Douglas Fairbanks began acting at an early age, in amateur theatre on the Denver stage, performing in summer stock at the Elitch Theatre, and other productions sponsored by Margaret Fealy, who ran an acting school for young people in Denver. He attended Denver East High School, and was expelled for cutting the strings on the school piano.

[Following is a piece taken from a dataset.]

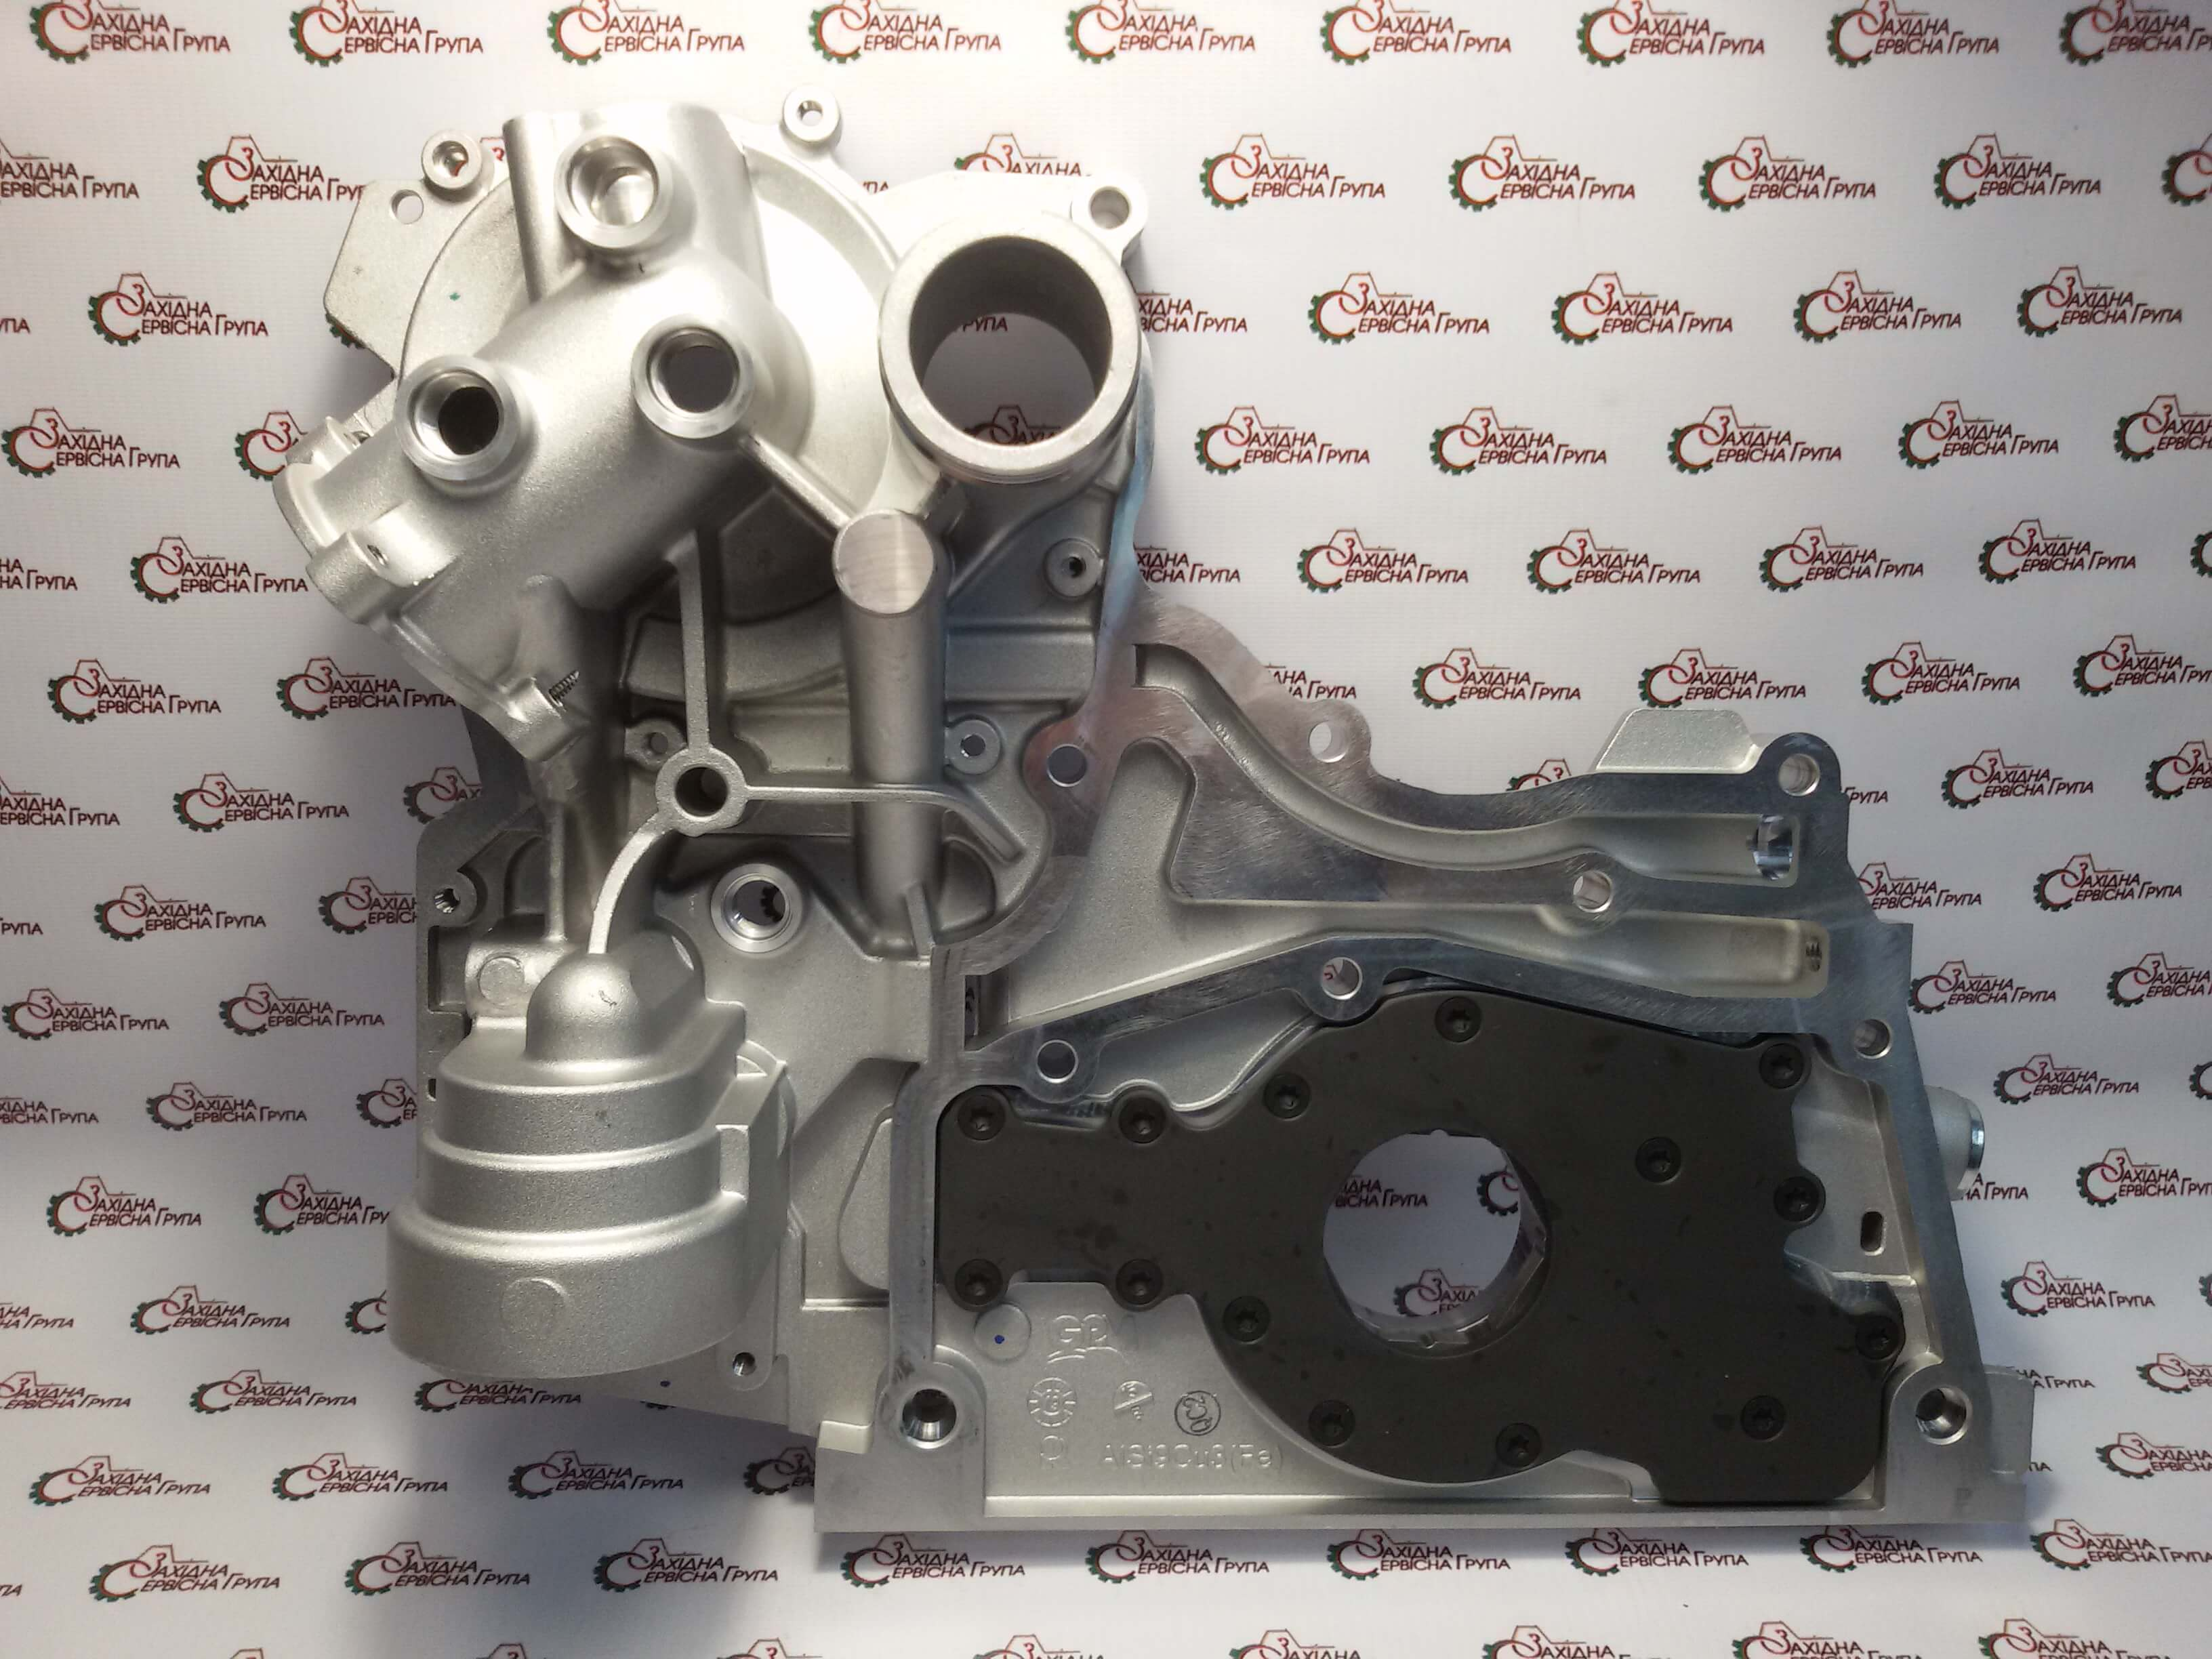 Кришка двигуна передня / насос масляний Cummins ISF 2.8, 5475199, 5302888, 5302887, 5274914, 5269789.

He left school in the spring of 1899, at the age of 15. He variously claimed to have attended Colorado School of Mines and Harvard University, but neither claim is true. He went with the acting troupe of Frederick Warde, beginning a cross-country tour in September 1899. He toured with Warde for two seasons, functioning in dual roles, both as actor and as the assistant stage manager in his second year with the group.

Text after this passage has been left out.